Drug: Preoperative Gabapentin/Postoperative Placebo
Postoperatively, this group will receive scheduled acetaminophen and ibuprofen every 6 hours, in addition to placebo every 12 hours. The placebo is encapsulated to appear identical to the active drug. This group will have oxycodone 5 mg every 6 hours as needed for pain.

Active Comparator: Preoperative Gabapentin/Postoperative Gabapentin

Drug: Preoperative Gabapentin/Postoperative Gabapentin
Postoperatively, this group will receive scheduled acetaminophen and ibuprofen every 6 hours, in addition to gabapentin every 12 hours. The gabapentin is encapsulated to appear identical to the placebo. This group will have oxycodone 5 mg every 6 hours as needed for pain.

Outcome Measures

Primary Outcome Measures

  1. Opioid Prescription at Discharge [Length of postoperative hospital stay (typically less than 48 hours)]

    Percentage of patients requiring an opioid prescription at discharge in each group. Patients who use 5 or more doses of PRN opioids during inpatient postoperative course will receive a prescription for opioids.

Secondary Outcome Measures

  1. Opioid Refill Requests [6 weeks]

    Number of patients in each group who call the office to request a new opioid prescription (if they were discharged without a prescription) or to request an opioid prescription refill (if they were discharged with a prescription) within the 6-week postoperative time period.

  2. Inpatient Pain Scores [Length of postoperative hospital stay (typically less than 48 hours)]
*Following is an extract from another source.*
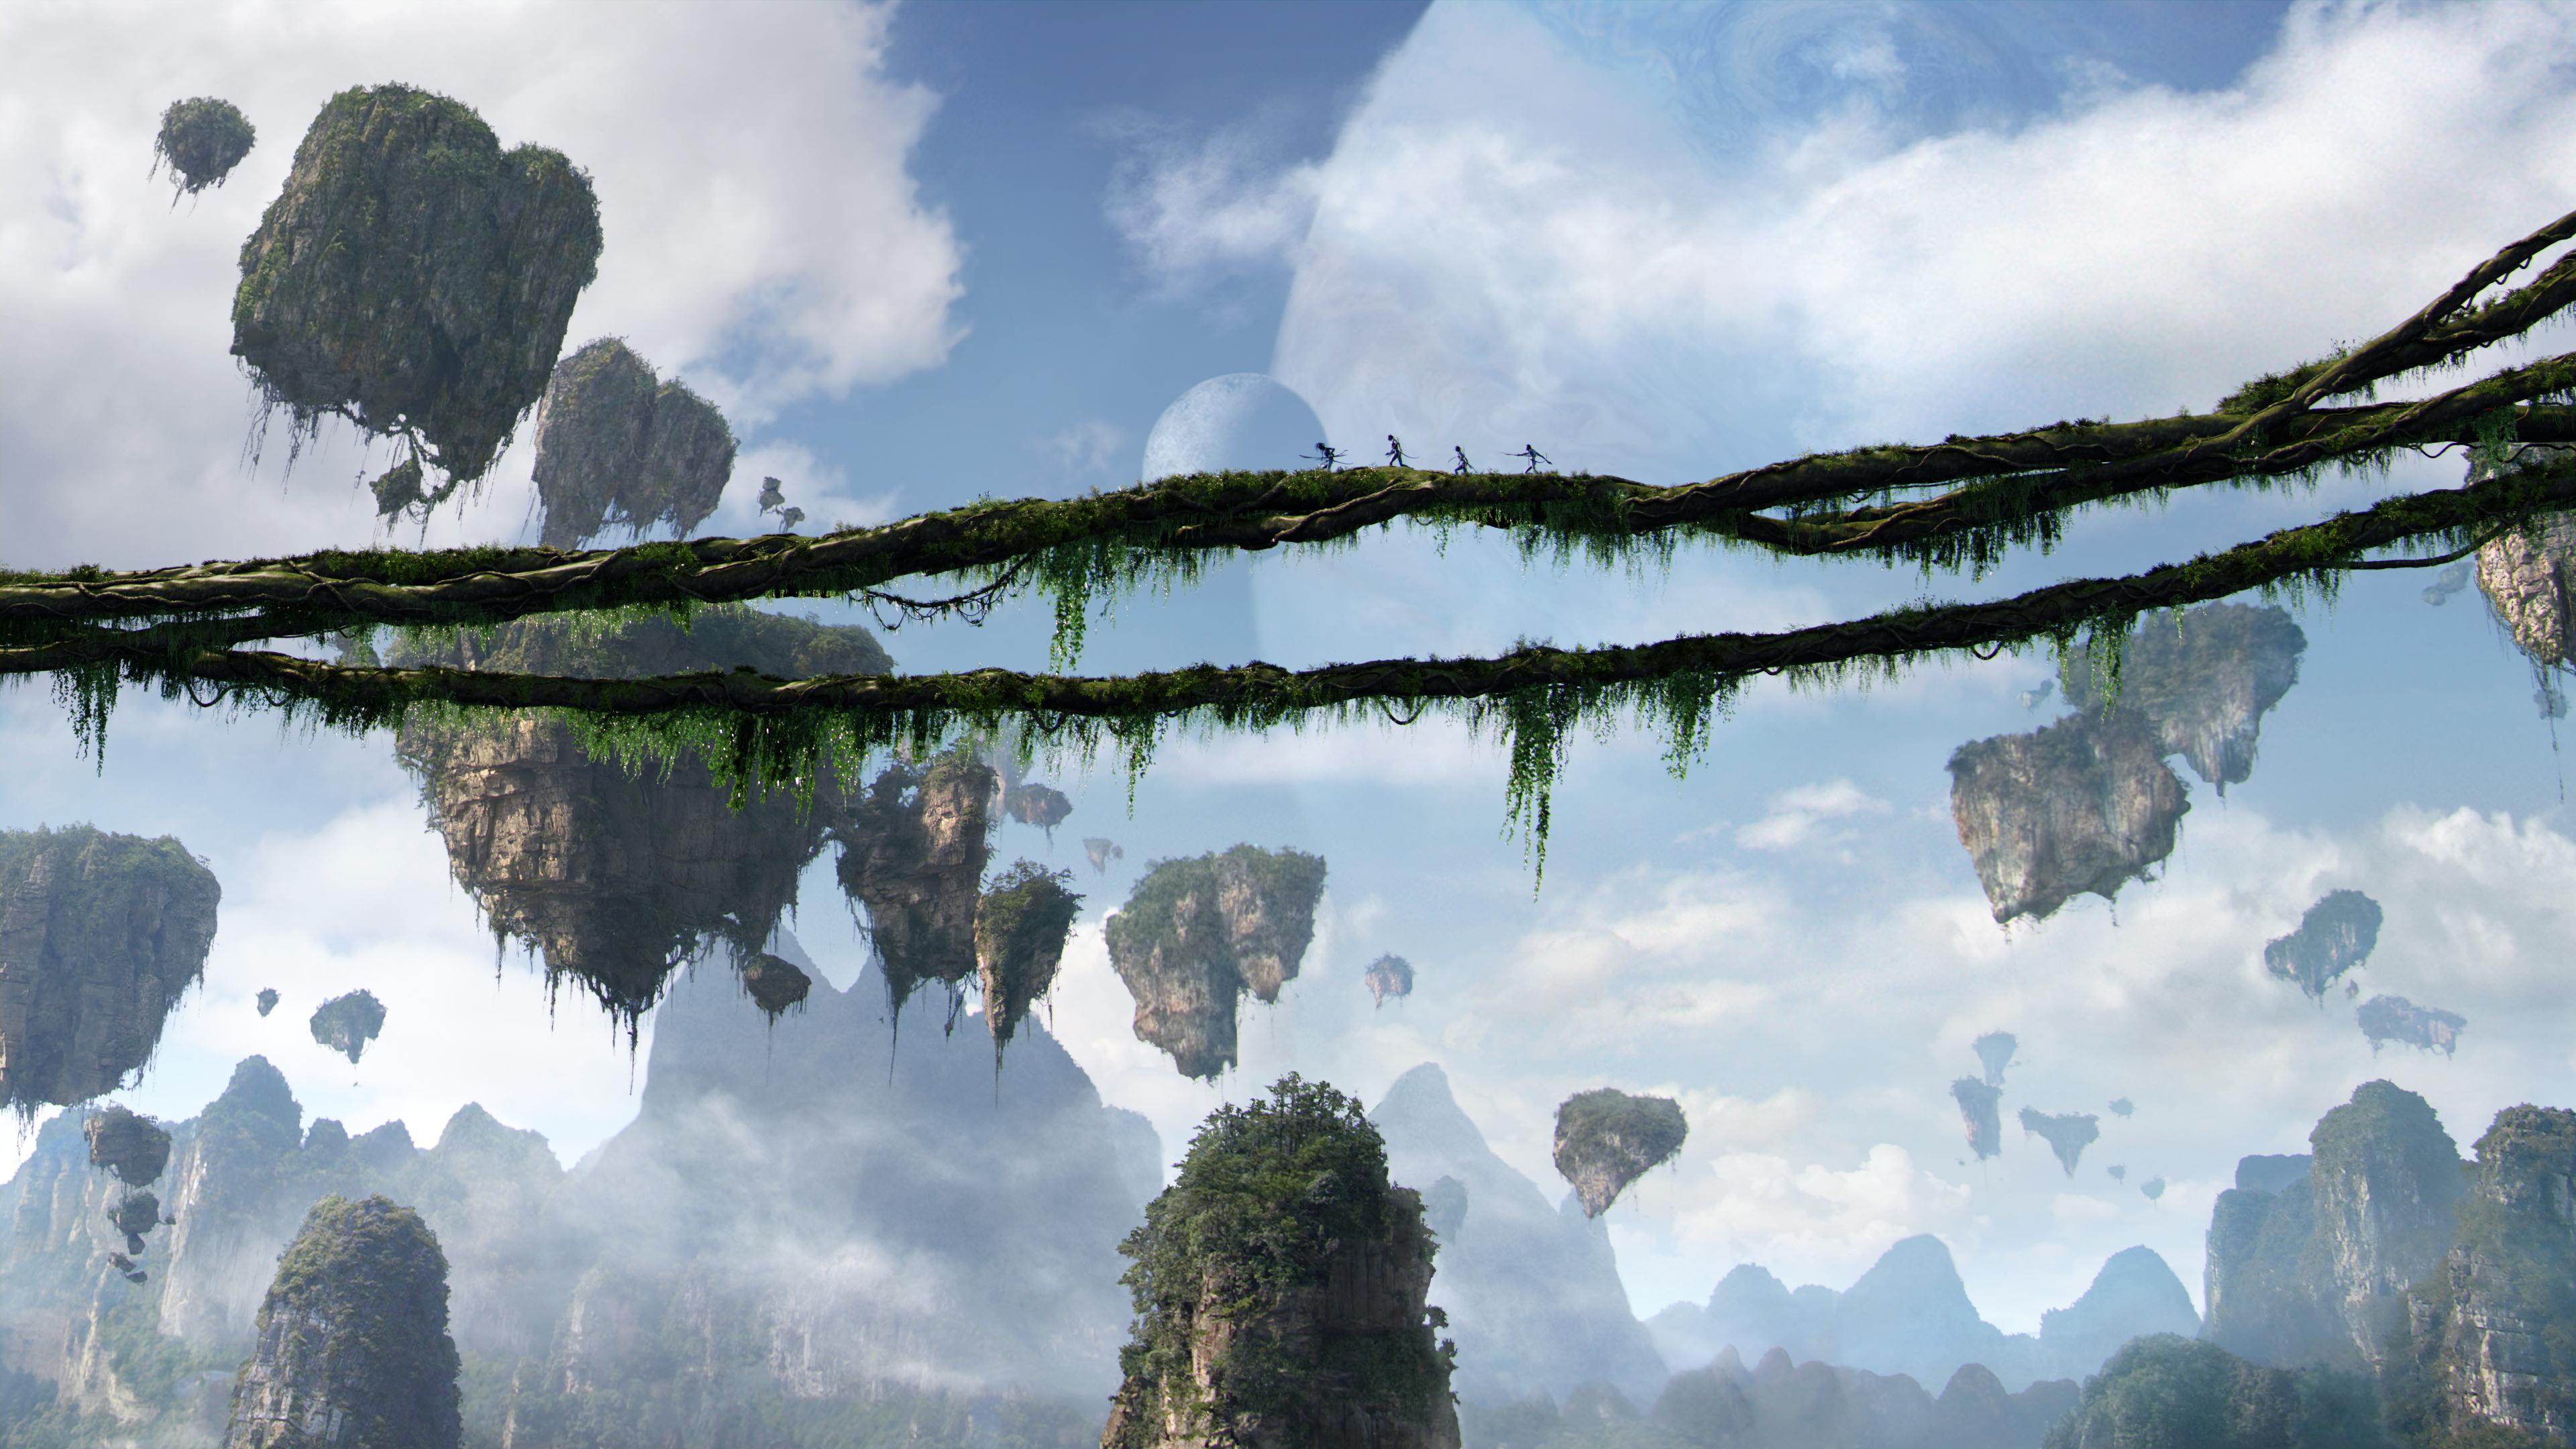 Walt Disney World - Avatar 2017-05-28 17:03

    Pain scores in the hospital will be measured on a numeric rating scale (0-10) with 0 being no pain and 10 being worst pain. Pain score collected will be pain recorded at 12 hours after arrival to the floor and highest score during hospital stay

  3. Inpatient Morphine Milligram Equivalents [Length of postoperative hospital stay (typically less than 48 hours)]

    Total morphine milligram equivalents used will be calculated by converting total PO and IV opioids used postoperatively until hospital discharge to morphine milligram equivalents using the opioid equianalgesic chart.

  4. Length of Stay [Length of postoperative hospital stay (typically less than 48 hours)]

    Length of stay will be measured in hours by time of registration for surgery to time of discharge from hospital.

  5. Nausea [Length of postoperative hospital stay (typically less than 48 hours)]

    Nausea will be measured by the number of "as needed" antiemetics the patient received postoperatively.

  6. Sedation [Length of postoperative hospital stay (typically less than 48 hours)]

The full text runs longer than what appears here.